Читаем Другая история русского искусства полностью

Таков первый тип малявинского романтизма, рожденный антропологическими штудиями. Здесь романтическая стихия, заключенная в самой природе (и время от времени проявляющаяся в природных катастрофах, землетрясениях, извержениях вулканов), как бы скрыта в глубине. Эта скрытая — до поры до времени — сила имеет психологический и даже социальный аспект: она ощущается как злоба. Василий Розанов, который как писатель был близок к подобной трактовке темы телесности, пишет про одну из баб Малявина: «Бабу эту ничто не раздавит, а она собою раздавит. Баба эта — Батый. От нее пошло, „уродилось“, все грубое и жестокое на Руси, наглое и высокомерное. Вся „безжалостная“ Русь пошла от нее»[876]. Именно скрытость и порождает внутреннее напряжение сюжетов этого типа. Кажется, что эта злоба должна разрешиться чем-то ужасным, какой-то большой кровью — бабьим бунтом (по романтическим представлениям — самым страшным видом народного восстания[877]).
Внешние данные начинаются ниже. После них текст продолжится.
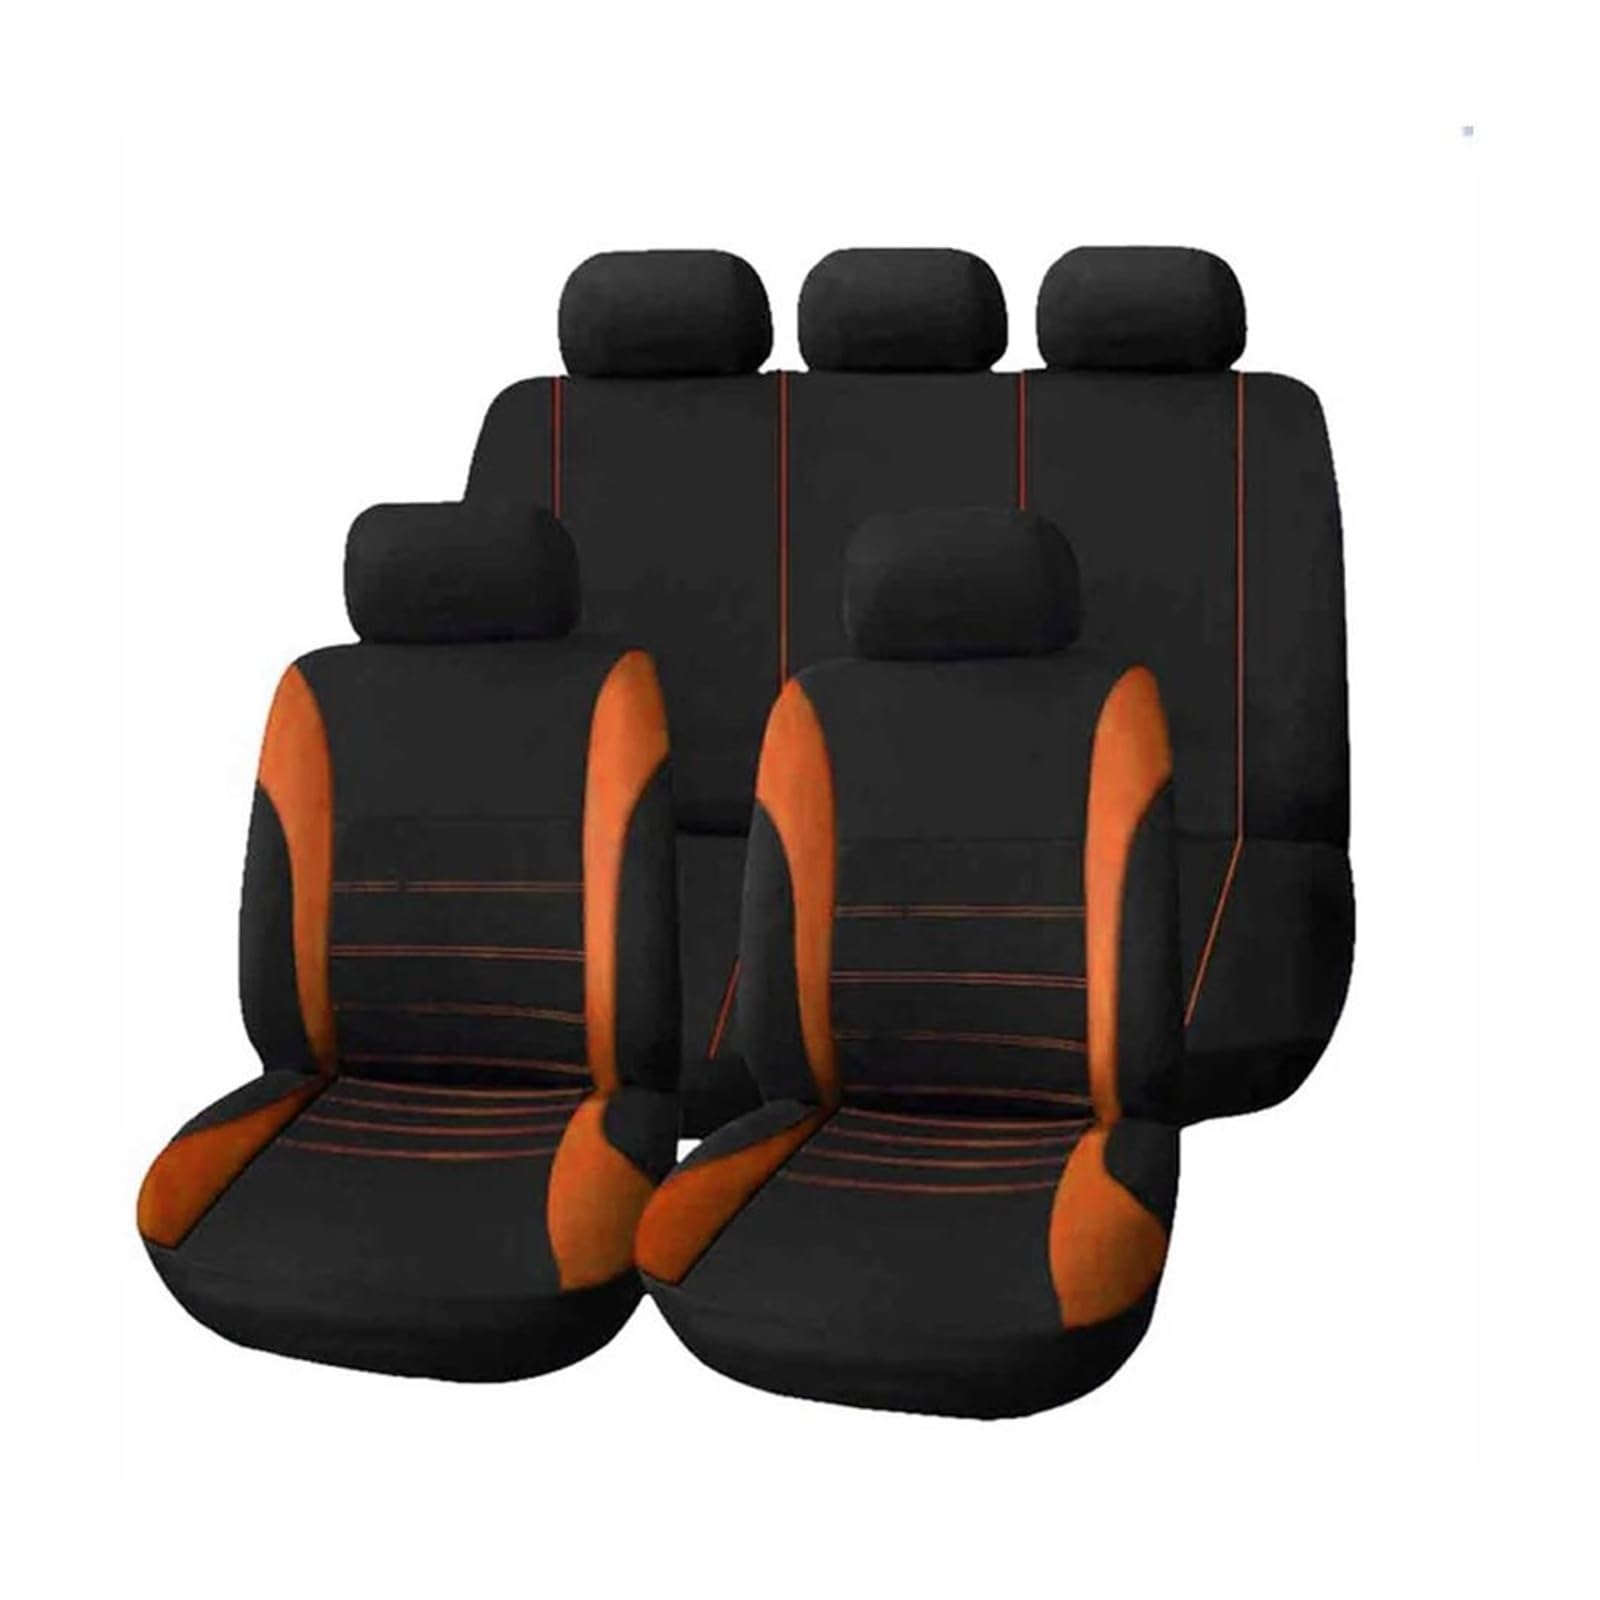 SCiMAX Autositz Sitzbezüge Sitzbezug Für Dacia Für Dokker Für Duster Für Lodgy Für Logan 2 Für Sandero Für Stepway 2 Autositzbezug Autositzbezüge (Farbe : Orange) von SCiMAX

О такого рода ощущении от Малявина пишет Сергей Глаголь: «В его „Бабах“ мне чудится всегда невольная и смутная разгадка чего-то особого в самом русском духе. Какой-то отблеск пожаров, „красный петух“ и запах крови, залившей русскую народную историю, вопли кликуш, опахивание деревень, мелькание дрекольев бабьего бунта»[878].
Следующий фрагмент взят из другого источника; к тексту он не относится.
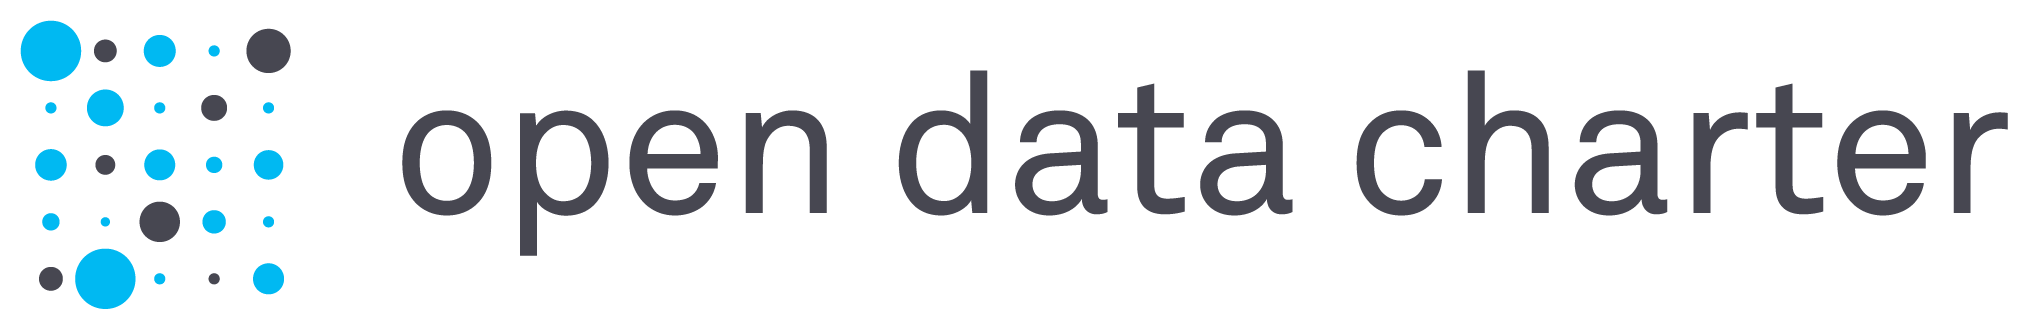 Charter.net Logo - The International Open Data Charter

Правда, когда эта скрытая сила и энергия выходит наружу, выясняется, что она не так страшна, как ожидалось. Второй тип малявинского романтизма показывает переход потенциальной энергии в актуальное состояние, состояние экстатического смеха, пляски, буйства. Это уже отчасти содержится в «Смехе», но по-настоящему будет развито более поздним Малявиным (времен «Вихря»), о котором речь пойдет дальше. Забегая вперед, можно сказать — крови не будет.

В рамках живописной стилистики репинской мастерской возникает и некая сюжетная альтернатива малявинским бабам (стилистическая появится чуть позднее, у Бакста) — портрет Игоря Грабаря «Дама с собакой» (1899, ГТГ). Эта замечательная вещь раннего Грабаря, написанная в Мюнхене как этюд, даже просто как учебная постановка, по своим достоинствам предназначенная занять место «Незнакомки» Крамского (то есть сформулировать новый женский тип эпохи), была совершенно забыта[879].

У Грабаря, как и у Малявина, представлено совершенно декадентское понимание женщины. Различия между ними — в мифологии самого декаданса. Столичная — европейская, космополитическая — дама эпохи fin de siecle явно романтически демонизирована, увидена в контексте популярной ницшеанской традиции как сосуд зла и греха, как «вавилонская блудница», почти дьяволица ярко выраженного семитского типа. Стилистически картина решена в подчеркнуто мрачном колорите, как будто несущем в себе скрытую угрозу. В ней чувствуется влияние мюнхенского искусства — от Беклина до Штука; это касается как идеологии (демонизации женского и семитского начала), так и живописи (темного колорита и тяжелой фактуры). Здесь нет змеи, обвивающейся вокруг шеи, нет других ветхозаветных символов греха и атрибутов женщины-соблазнительницы. Но ощущение присутствия праженщины, дочери Евы — ветхозаветной Юдифи, несущей гибель Олоферну, — здесь намного сильнее, чем в наивных аллегориях Штука.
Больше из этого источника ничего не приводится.